REQUIRED WORK:
Where the listing shows an image, skip it and output all other material unchanged.

INFORMATION SUPPLIED:
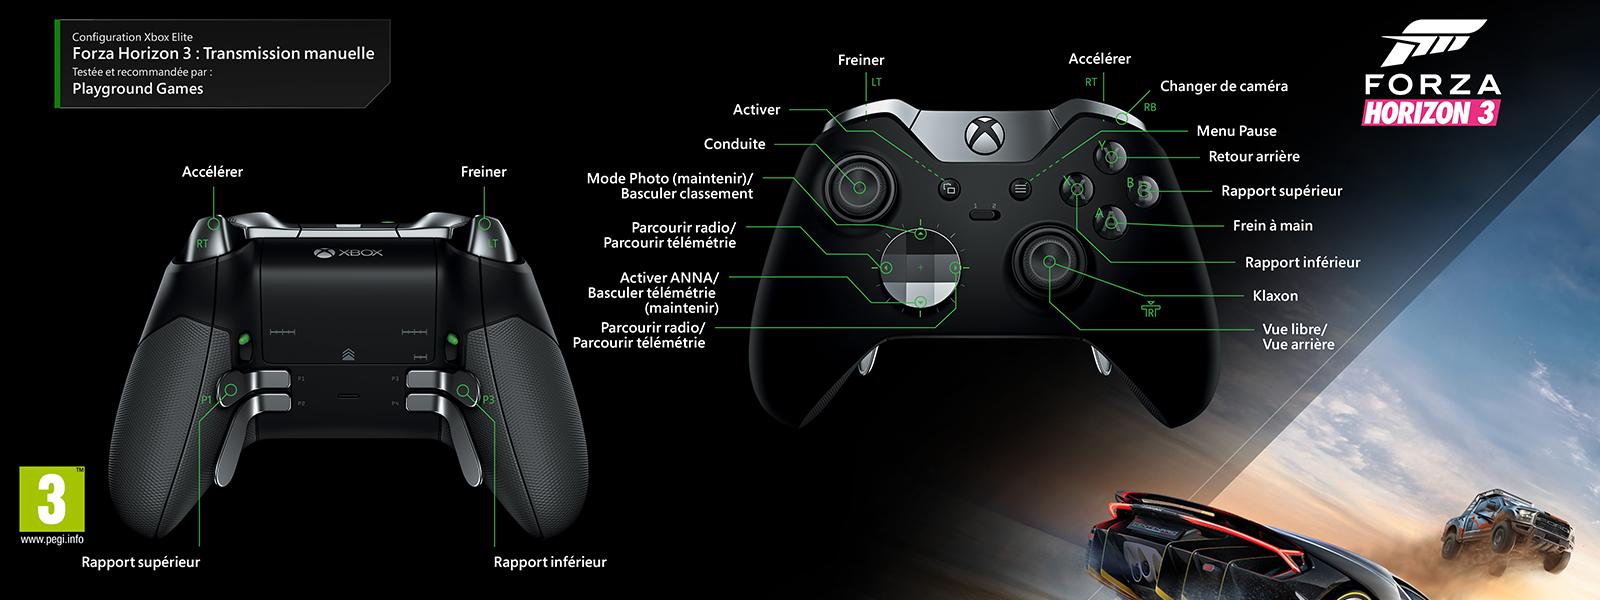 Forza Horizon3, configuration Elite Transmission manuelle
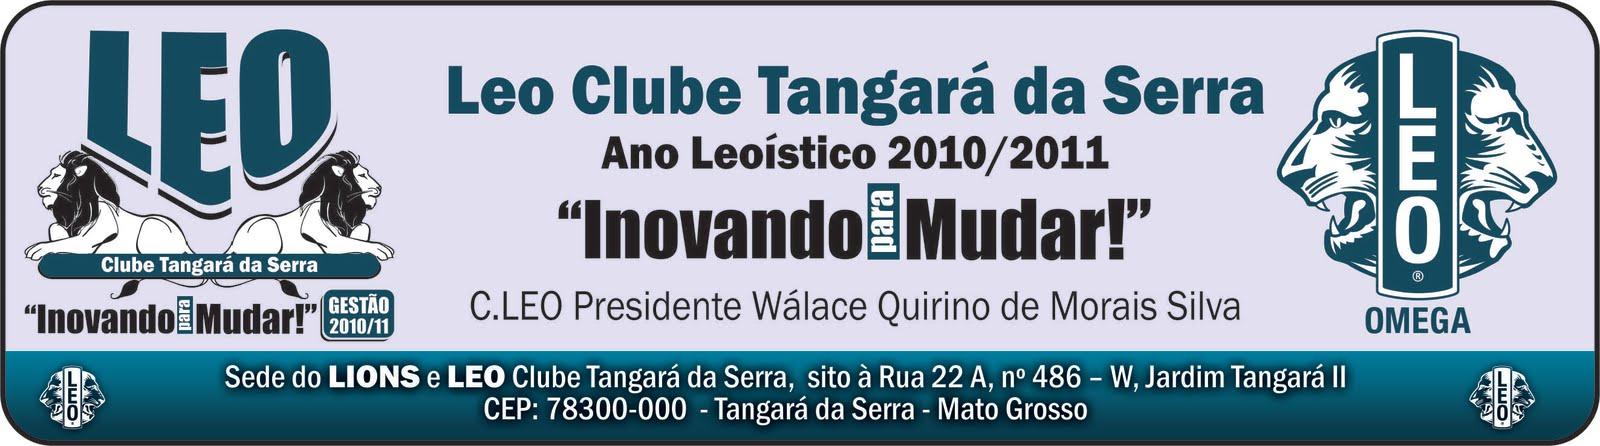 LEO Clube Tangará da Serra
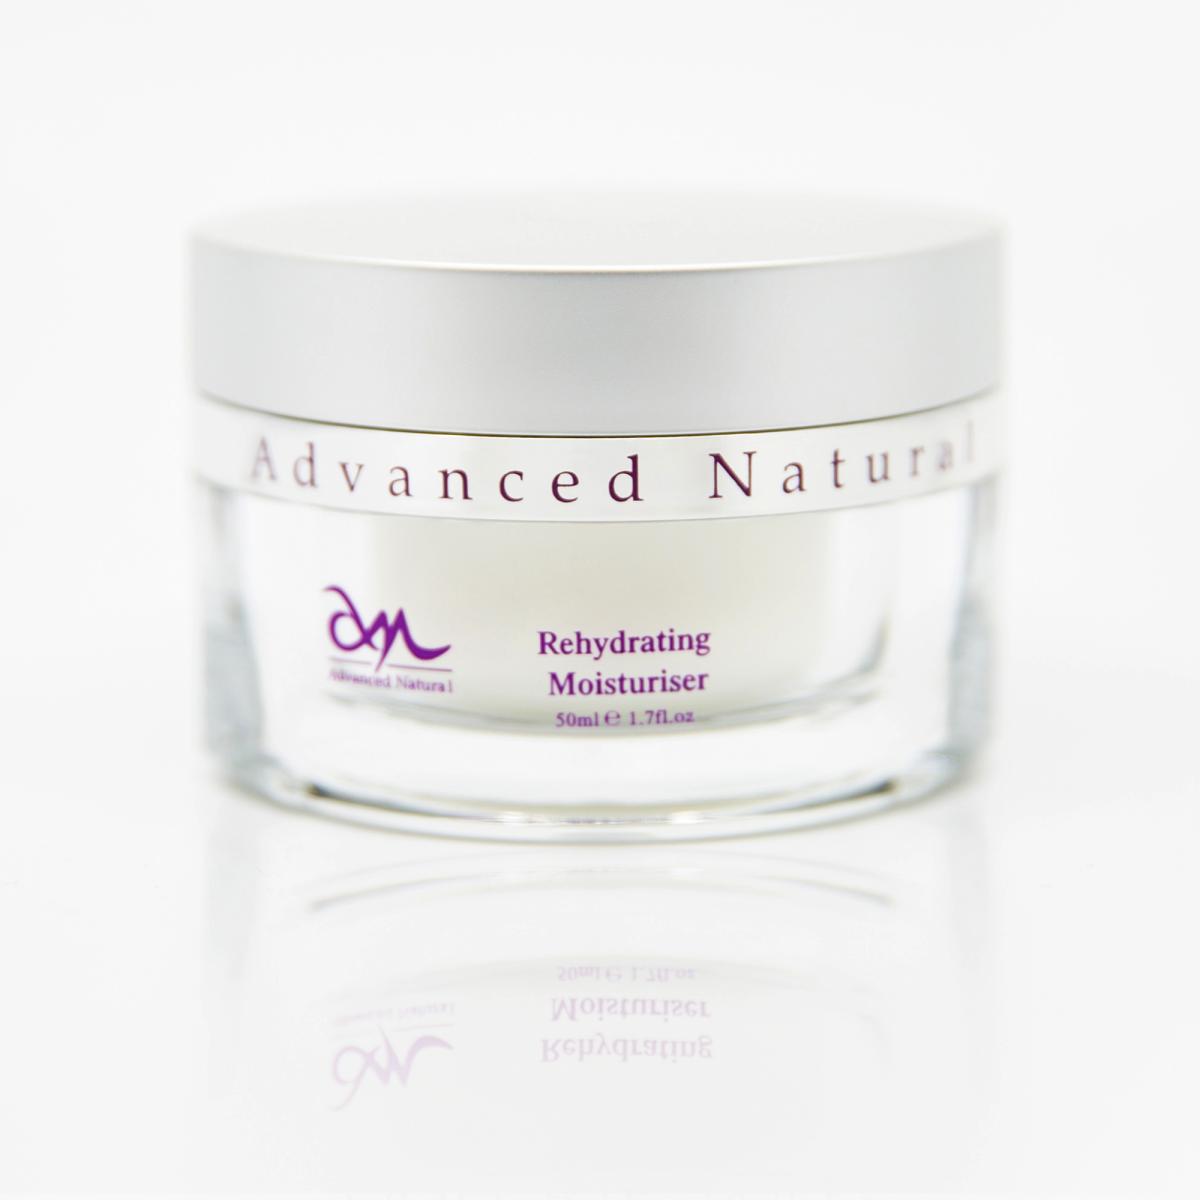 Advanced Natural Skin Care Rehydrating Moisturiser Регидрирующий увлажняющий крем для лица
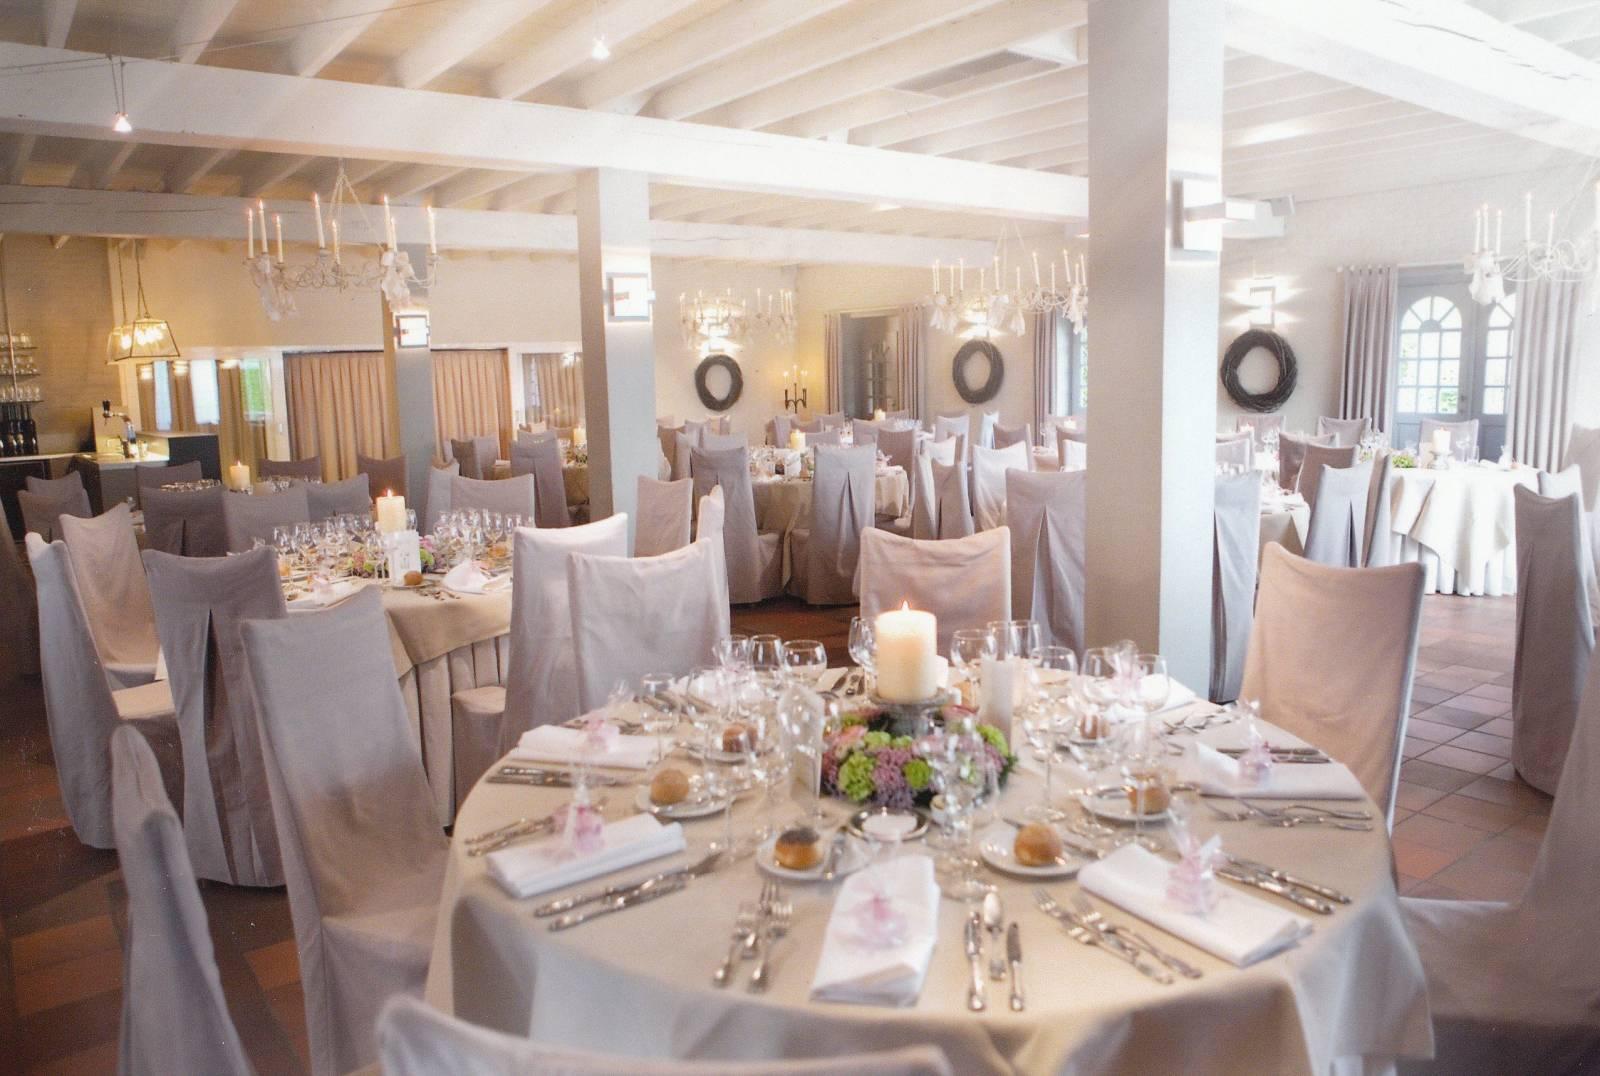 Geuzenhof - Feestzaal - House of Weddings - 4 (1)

RESULT FOR THIS TASK:
 Forza Horizon3, configuration Elite Transmission manuelle
 LEO Clube Tangará da Serra
 Advanced Natural Skin Care Rehydrating Moisturiser Регидрирующий увлажняющий крем для лица
 Geuzenhof - Feestzaal - House of Weddings - 4 (1)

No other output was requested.